About that same time, Mound Bottom on the Harpeth River was purchased by Tennessee’s government with the intention of making it a state park. It contains at least 29 mounds and several plazas. Archaeologists have determined that the Mound Bottom town site was first settled around 800 AD. Mound construction and significant town occupation began around 950 AD. Just across the Harpeth River is another large, contemporary town site known as the Pack Site. Why two large towns with somewhat different plans would exist side by side has never been explained. Both towns were abandoned around 1300 AD when a massive drought spread eastward into central Tennessee from the Southwest.

The construction of the new Tennessee State Museum in the James K. Polk Center in Nashville during 1980 marked the “high tide” of enthusiasm for Native American history and archaeology in the state. After 1980, a “we know everything there is to know about Tennessee’s Native Americans” attitude increasingly caused budget cutbacks for archaeological and historical research. This also happened in several other Southeastern states. In Tennessee, the Country Music industry was assumed to be a more powerful draw for tourism dollars.

Mound Bottom never became a state park. The state’s leaders apparently felt that Tennessee had enough Native American themed historic sites. However, tourists are generally unaware that the Nashville area is so rich in archaeological sites. In the 1991, 2001 and 2008-2014 Recessions, budgets and staffs were cut in cultural resource research programs, but never fully restored after the state’s economy strengthened.
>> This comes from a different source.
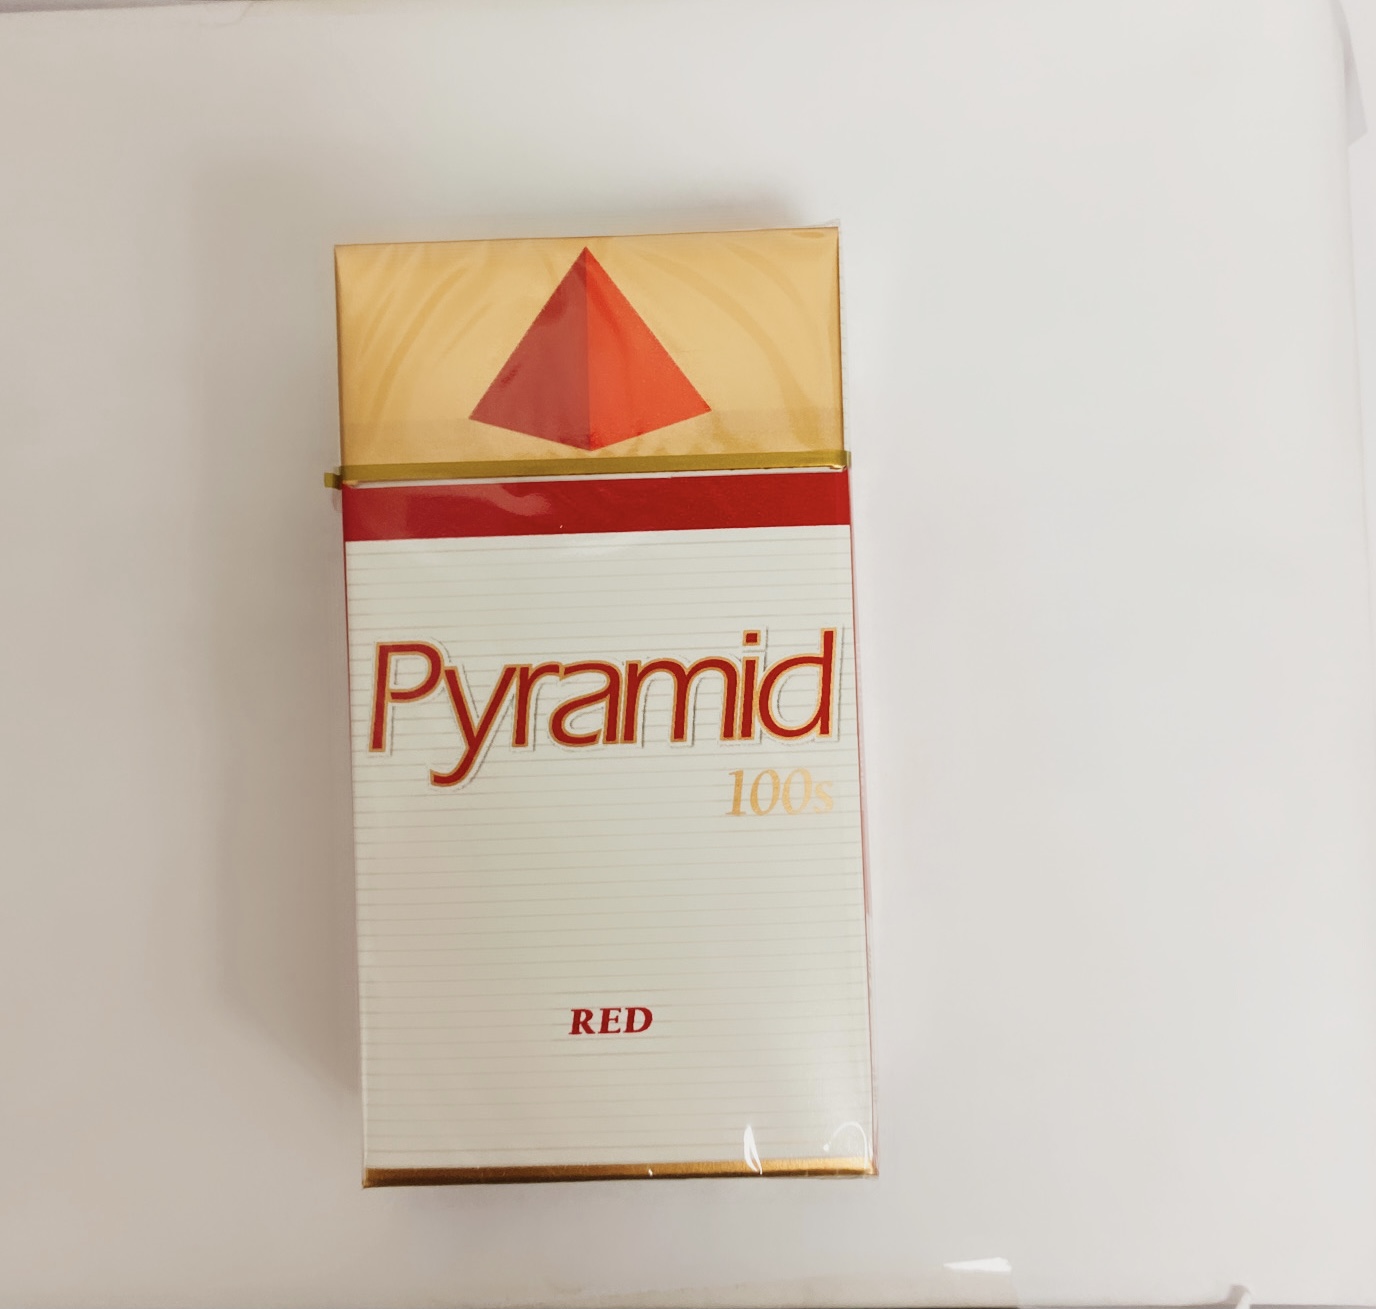 PYRAMID BOX 100 - Martin & Snyder Product Sales
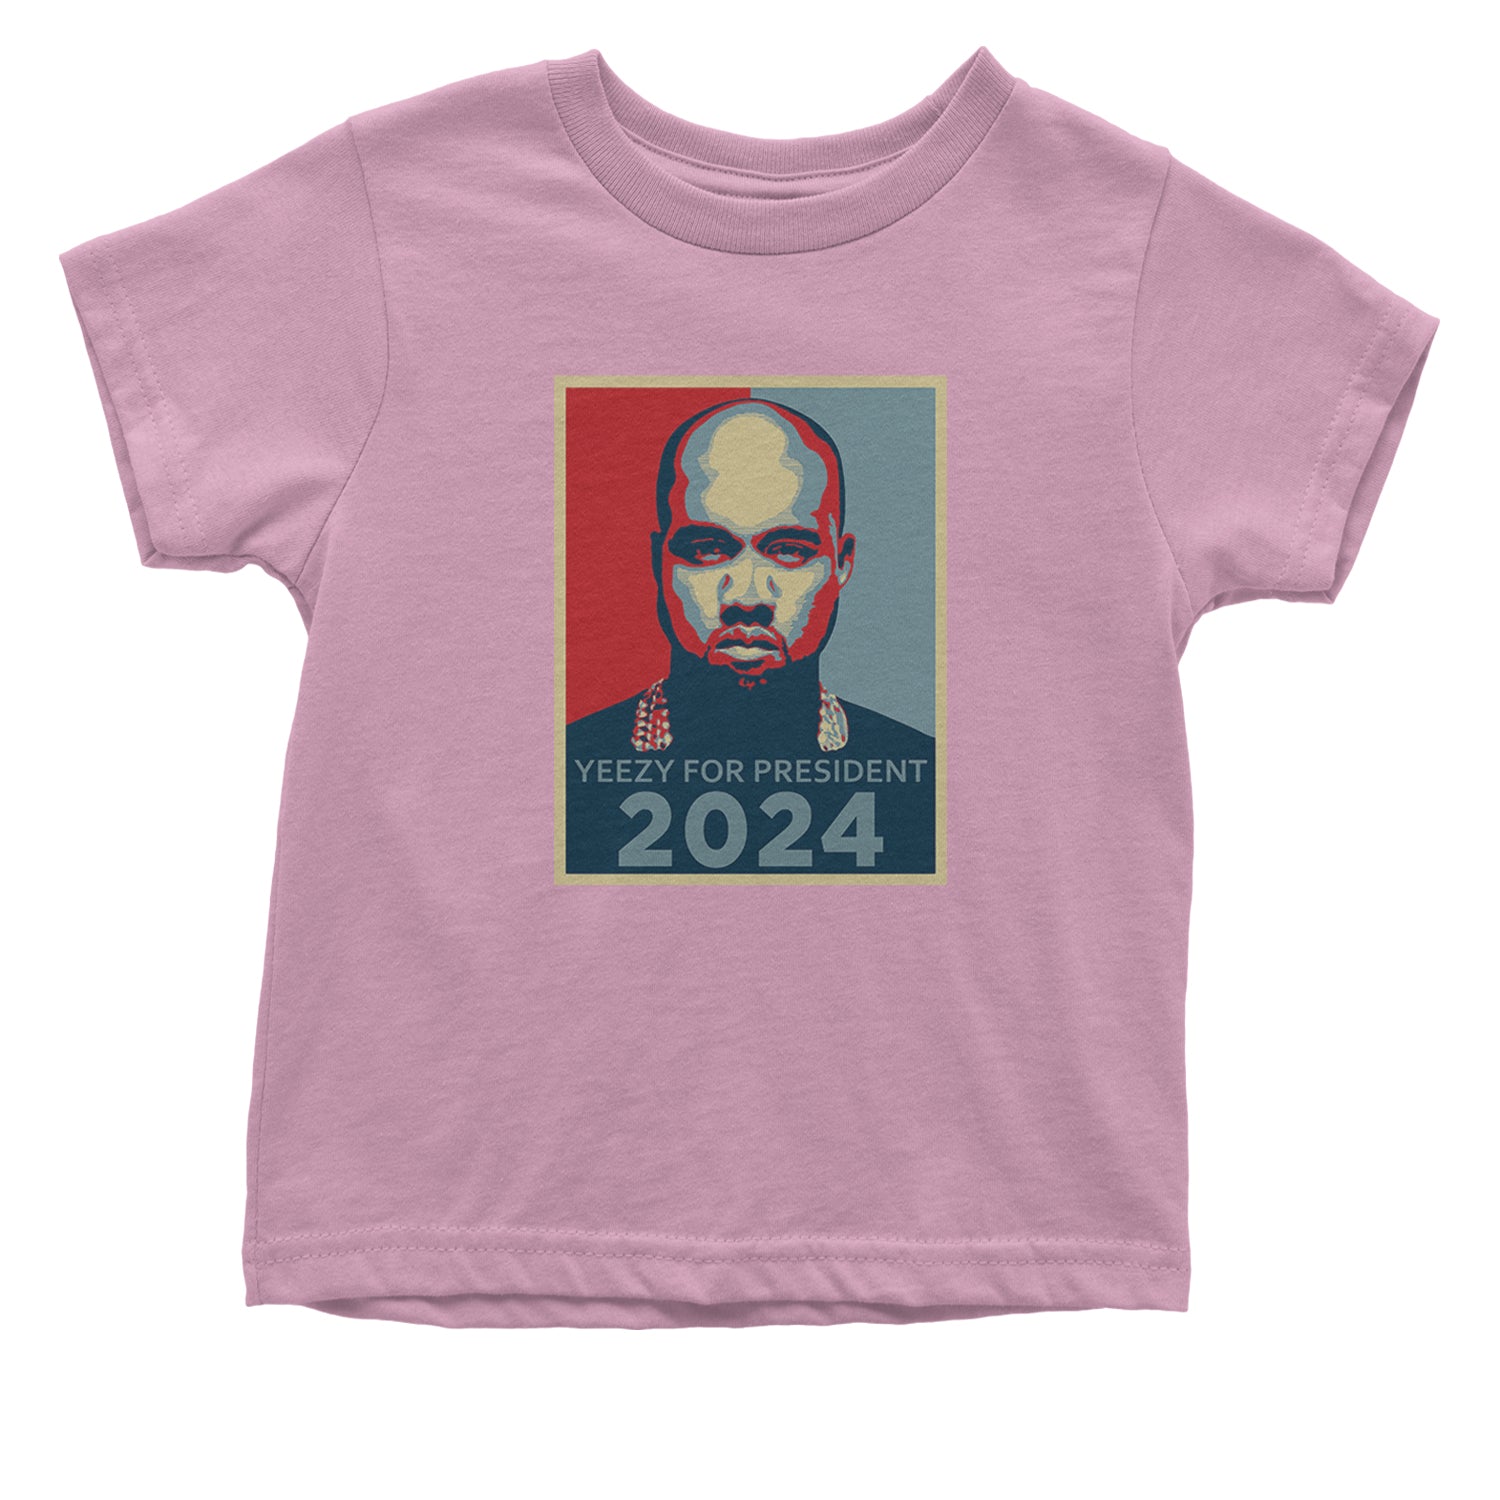 Yeezus For President Vote for Ye Infant One-Piece Romper Bodysuit and Toddler T-shirt Light Pink

Today, relatively few Americans, even in the Nashville area, are aware that the Cumberland River Basin once contained a dense, sophisticated indigenous population. Thruston’s artifact collection is on prominent display in the State Museum, but they are detached from the locations at which they were found. They were excavated without professional archaeological oversight. Many mounds in the Nashville area were destroyed during the 1800s. The booming Nashville Metropolitan Area has spread over many former Native American towns sites. In many cases, it is too late to study these sites.

Academicians have continued to study Tennessee’s past on a diminished funding scale. Great strides have been made in understanding the earliest periods of mankind’s presence in Tennessee. One of the most surprising discoveries is that the Cumberland River Basin probably contained North America’s densest Clovis Period population. It was a hunter’s paradise in which large herds of megafauna, such as mastodons and giant bison grazed along the meadows that paralleled north-central Tennessee Rivers.

Who were the people of the Cumberland River Basin?

While the Tennessee State Museum, McClung Museum, Chucalissa Museum, Old Stone Fort Museum and Pinson Mounds Museum proudly display the finest examples of pre-European art in Tennessee, very little is known about the people, who once occupied the Cumberland and Harpeth River Valleys. Archaeologists have classified their pottery, tools and weapons with English names, but do not know where they came from or where they went.

Standard references often state that the mound builders immigrated to Tennessee from Cahokia Mounds in Southern Illinois, but this is highly unlikely. The square, truncated pyramids, square “post-ditch” houses and the site plan of Mound Bottom are very similar to those of Ocmulgee Mounds National Monument in Macon, GA and very dissimilar to those of Cahokia. Furthermore, mound building and the first post-ditch houses occurred about a century earlier in Mound Bottom than Cahokia.

It was very typical for Maya Commoners to bury their dead in stone box graves. Calimako is an Itza Maya word. However, no artifact is on display in a museum that clearly links an indigenous people in Tennessee to Mesoamerica. The answer to that riddle just may be hiding in the ground in some Tennessee archaeological zone that has yet to have been excavated by professionals.